Cable editorial: taking a tobacco firm’s money crosses a line
Navigating a cash-starved media landscape is tough, and many of us have to make compromises to survive – but sometimes the ends don’t justify the means.
Covid-19’s economic fallout has pushed many local news outlets to the brink. But the sector’s stresses predate coronavirus, and publishers have long tiptoed a fine line in keeping businesses afloat without compromising their independence and integrity.
Corporate investment, grants and paid-for content are not uncommon. We all make trade-offs in an imperfect world. But we believe that in accepting funding from Big Tobacco, our colleagues at Bristol 24/7 crossed a line.
Take a broader look at Philip Morris International’s – and the tobacco industry’s – lobbying tactics.
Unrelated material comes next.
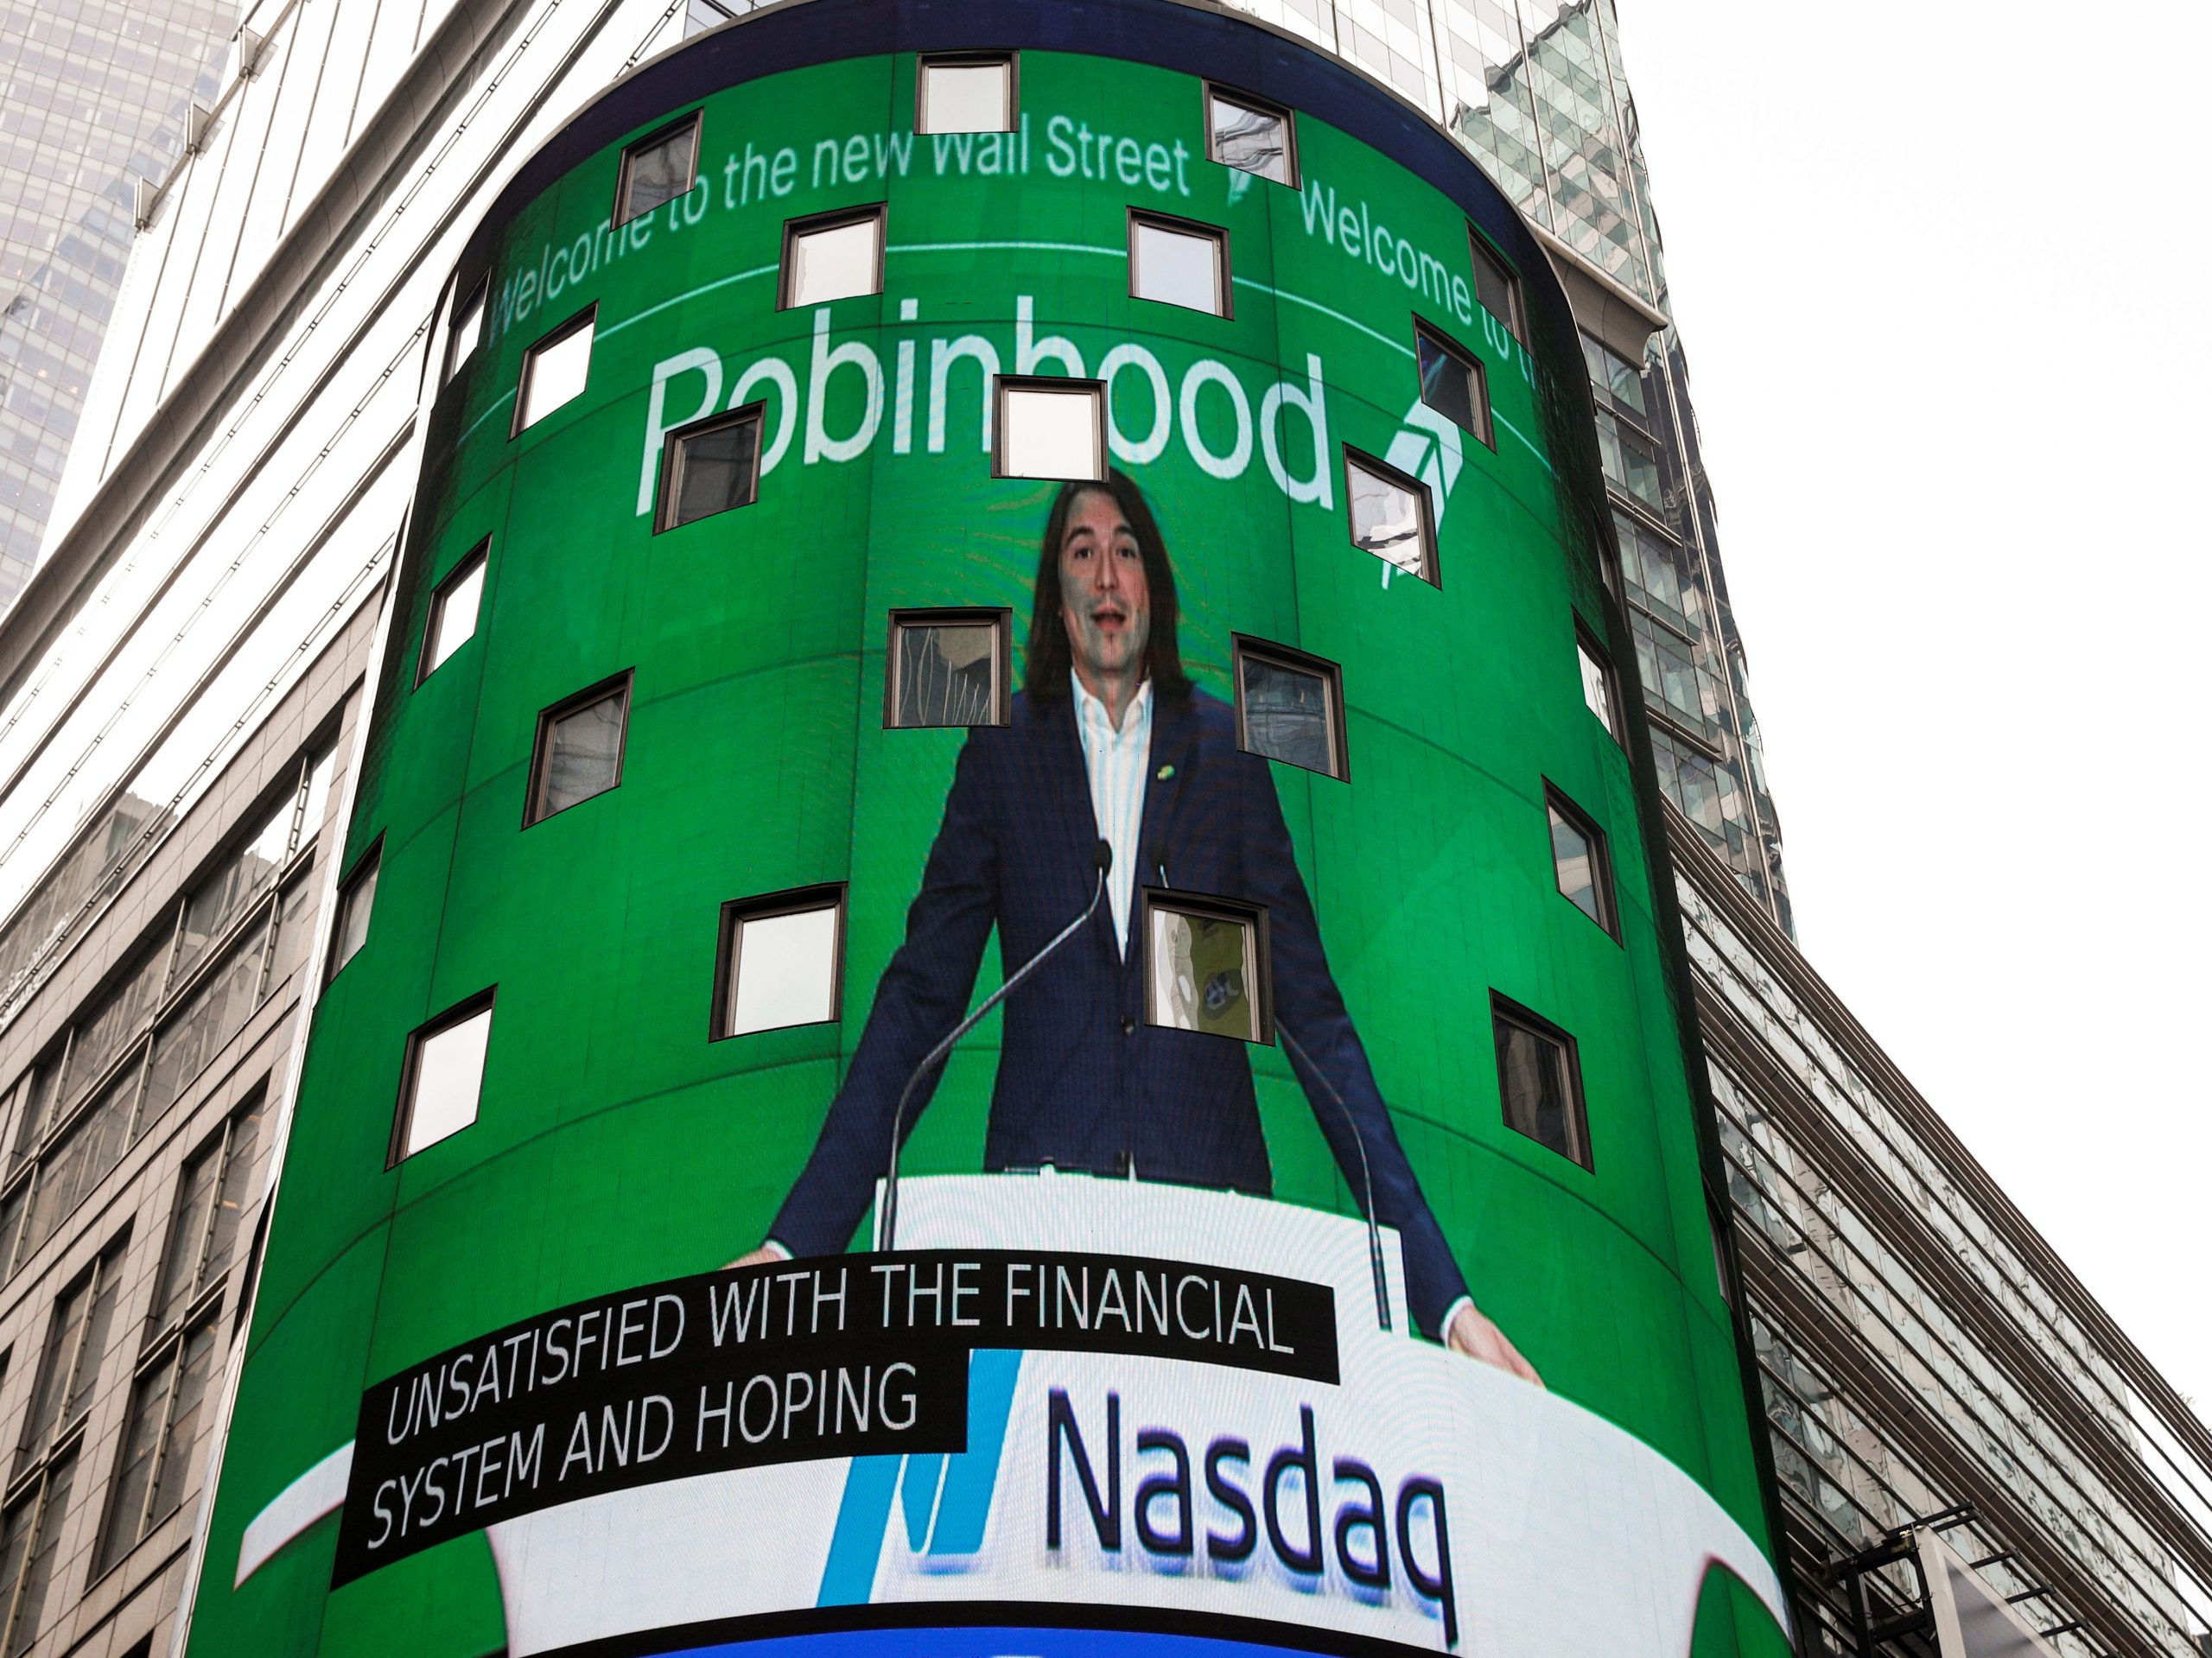 Robinhood Vlad standing at Nasdaq time square billboard

The firm wants you to believe it has changed, and is now an ally, not an adversary, in the battle for public health.
Tell your friends…
But its lobbying efforts have been hamstrung by tobacco-advertising restrictions, so it resorts to financing ‘independent’ reports serving its business interests – such as one cited by Bristol 24/7 – making charitable donations and quietly funding industry bodies. Its public commitment to a ‘smoke-free future’ may sound sensible, but this future is noticeably not tobacco-free, and its claims should come with a big health warning.
Navigating the media sector is tricky. As we pursue sustainability through a unique model of being owned and financed by our members, we receive funding from two main sources: the Reva and David Logan Foundation and Luminate. The Cable’s finances, including a full disclosure of its supporters and their contributions, are listed on our website. Members have a say on potentially controversial decisions, for example whether we should accept Google funding, keeping us accountable. Our advertising is regulated by an ethical policy, and we never do paid-for content. But those principles come with a price tag, and we rely on the 2,200 and counting people who chip in to the Cable.
Bristol 24/7’s community reporter scheme is a much-needed initiative. But do the ends justify the means when trust, independence and powerful corporate interests are at play? At the Bristol Cable, we know the answer when it involves Big Tobacco.